The liver is responsible for the majority of the alcohol metabolism process. This is because most of the alcohol that is absorbed by blood vessels eventually ends up in the liver. The liver is one of the biggest victims of alcohol abuse, because of its prominent involvement in alcohol processing.
Also, liver failure will lead to a slowed metabolic process, which will cause alcohol to remain in the body and cause further damage. If you have a weak liver, it is advisable to stay off alcohol.
The rate at which your liver processes alcohol will not be influenced by the amount you consume. Your liver will metabolise approximately one unit of alcohol per hour. If you consume more than this, your blood and tissue will take up the rest of the alcohol units yet to be metabolised and serve as their reservoir.
Your liver houses the main enzymes involved in alcohol metabolism. They are commonly called hepatic enzymes because of their presence and activity in the liver. They are cytochrome P-450 2E1 and alcohol dehydrogenase.
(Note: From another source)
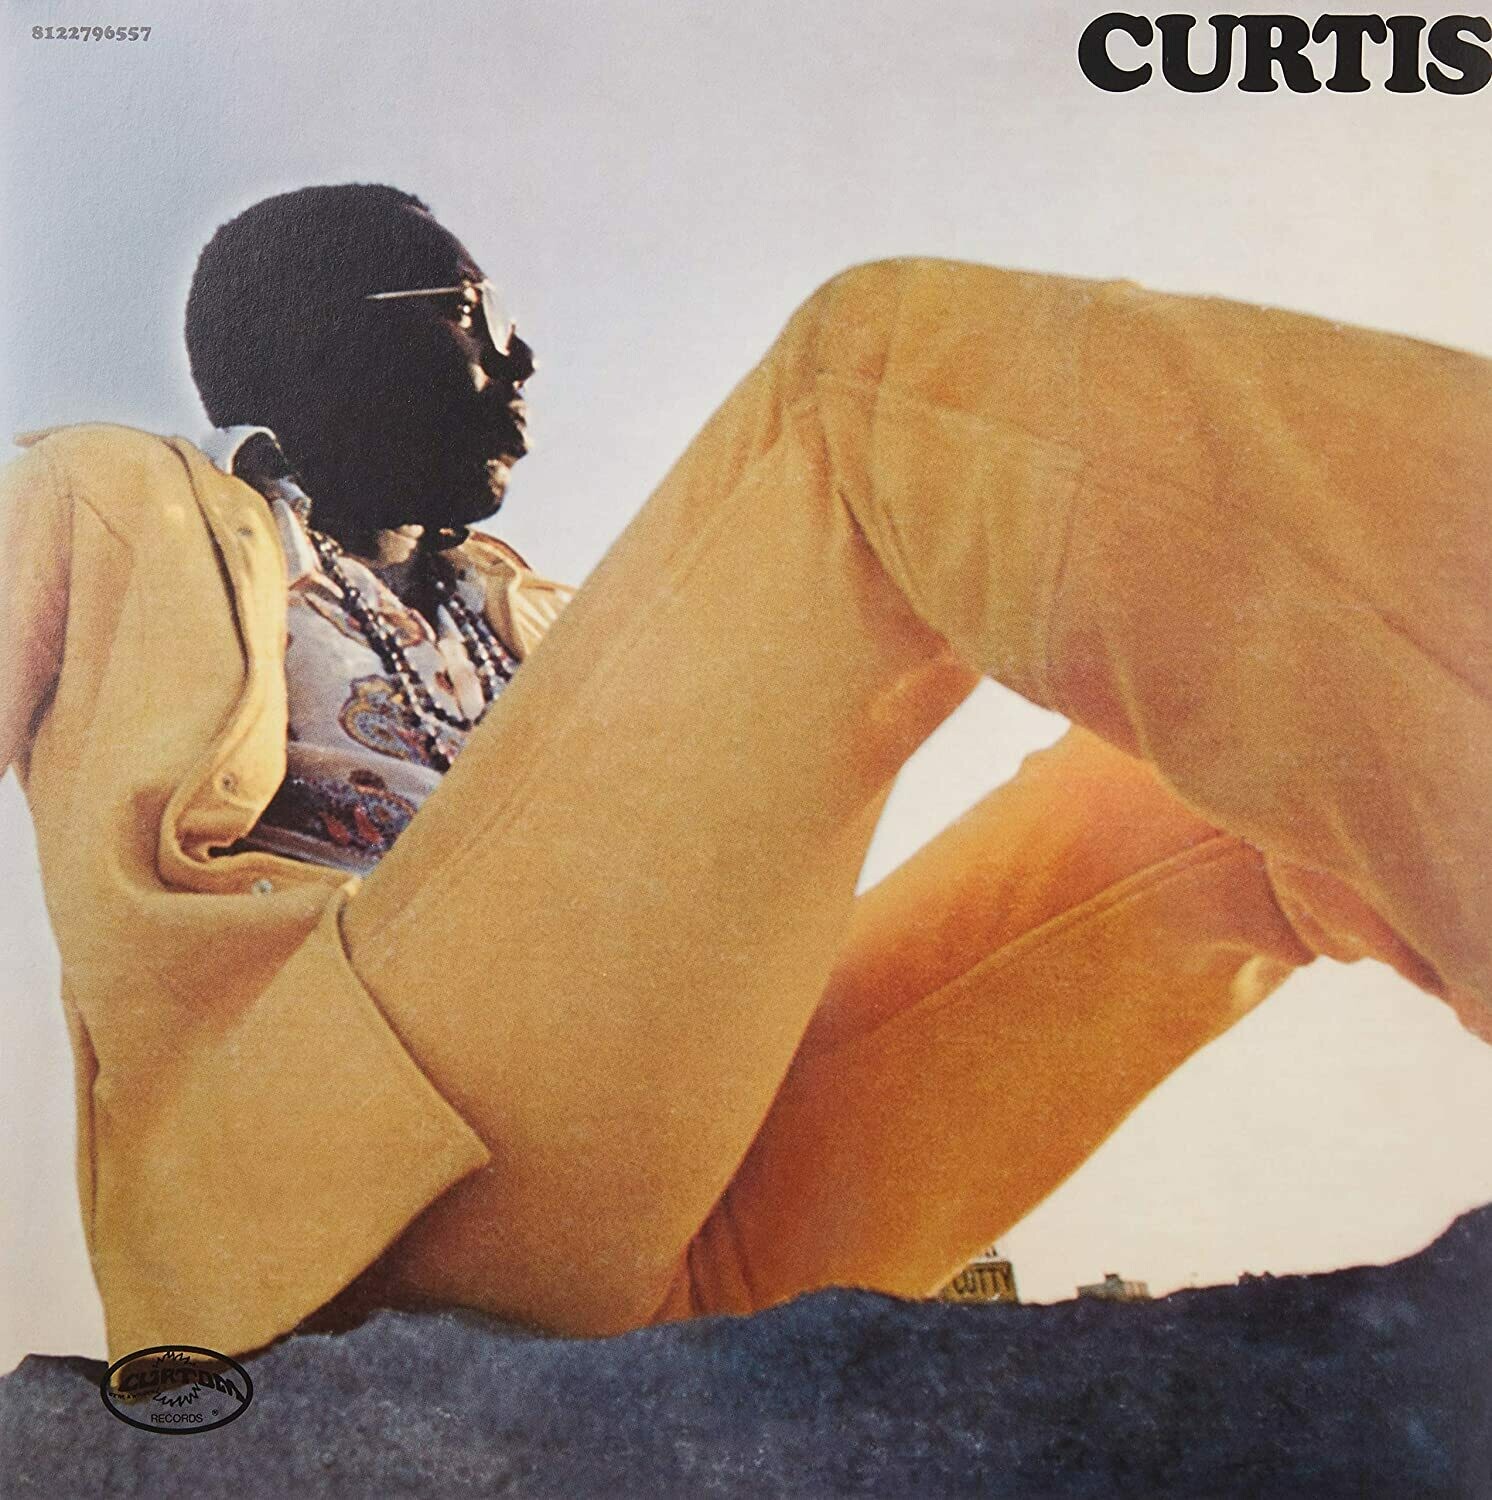 Curtis Mayfield "Curtis"

Alcohol dehydrogenase (ADH) is an enzyme that is also found in the stomach. This enzyme will completely metabolise the alcohol consumed in the stomach if your consumption is light.
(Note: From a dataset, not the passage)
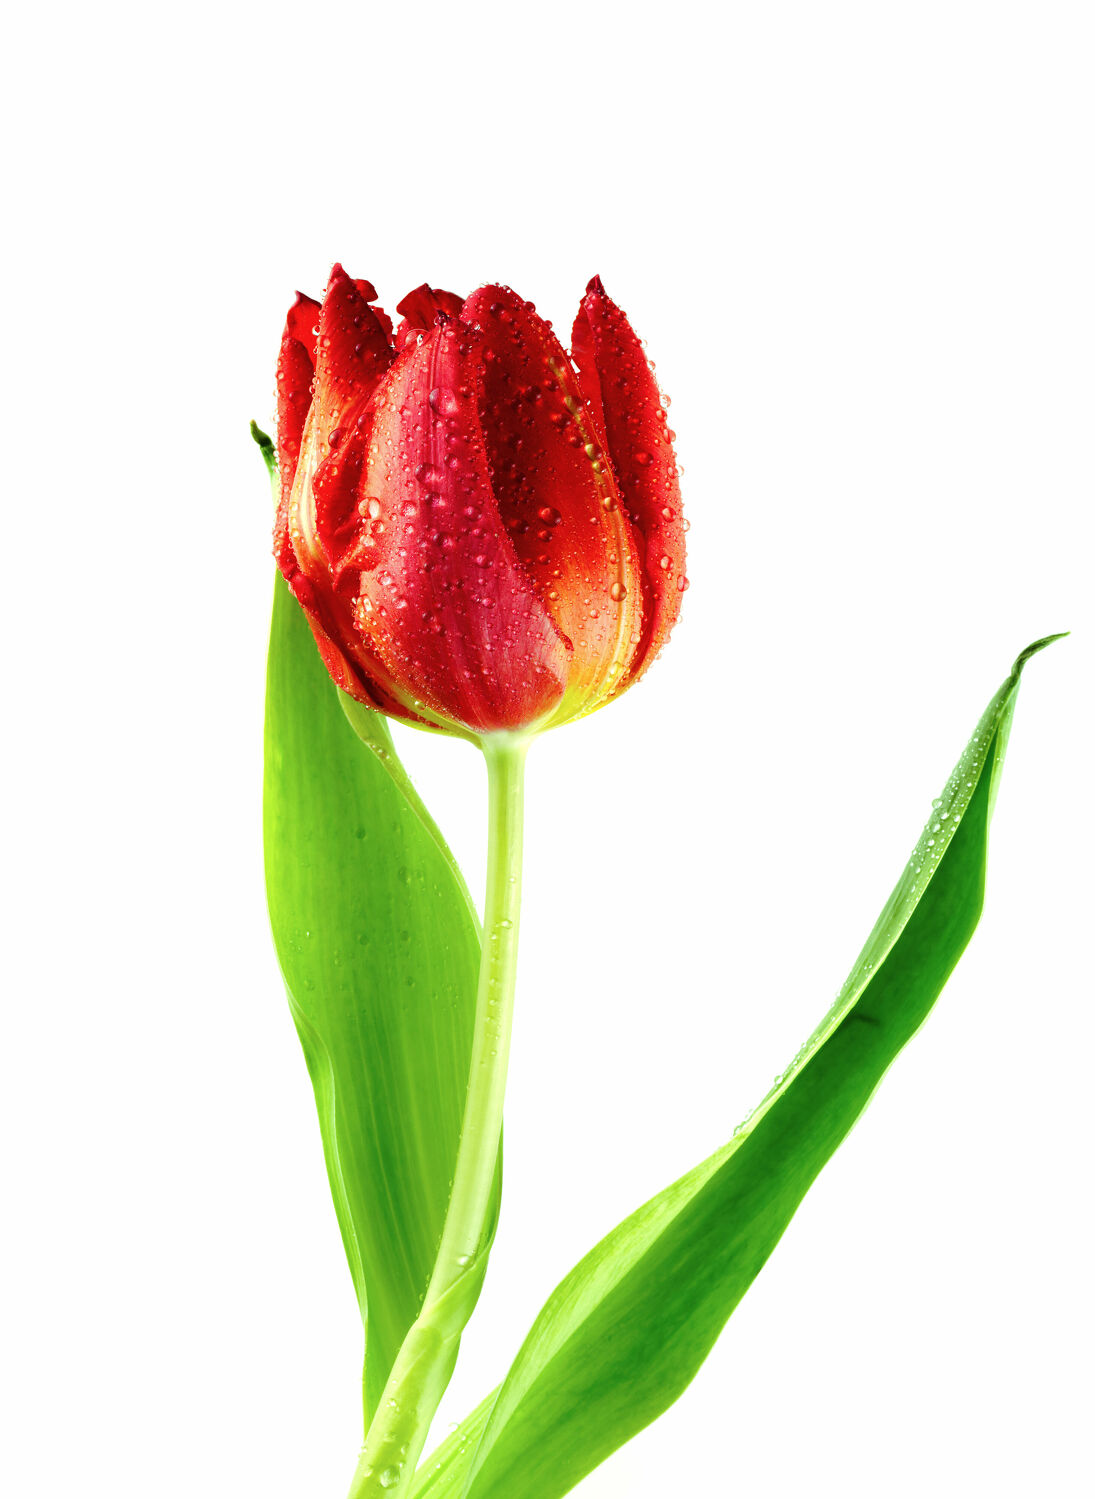 Bild mit Blume, Pflanze, Tulpe, Tulips, Tulpen, Tulipa, Tulip, rote Tulpe, red tulip

ADH breaks down alcohol into acetaldehyde, which is further converted to a substance that can be easily absorbed and evaporated by your body, called acetate. The acetate is produced through an extension enzyme called acetaldehyde dehydrogenase.
The activity of both enzymes (acetaldehyde dehydrogenase and alcohol dehydrogenase) will result in changes in a coenzyme called nicotinamide adenine dinucleotide (NAD), which is responsible for energy production. This will lead to a halt in glucose conversion until alcohol is processed.
Cytochrome P-450 also acts in a similar manner to ADH, but will be more concentrated in your liver if you abuse alcohol regularly and are a chronic drinker. More of this enzyme in your liver will result in the release of a number of radicals that may cause inflammation and damage other organs.
Though a depressant, Ethanol (alcohol) is also a nutrient in its biological form. It has a high calorie value – about 7 kcal per gram. However, unlike fats and carbohydrates which can be stored and used when needed, ethanol remains in body liquids (including the blood and tissue) until it is eliminated.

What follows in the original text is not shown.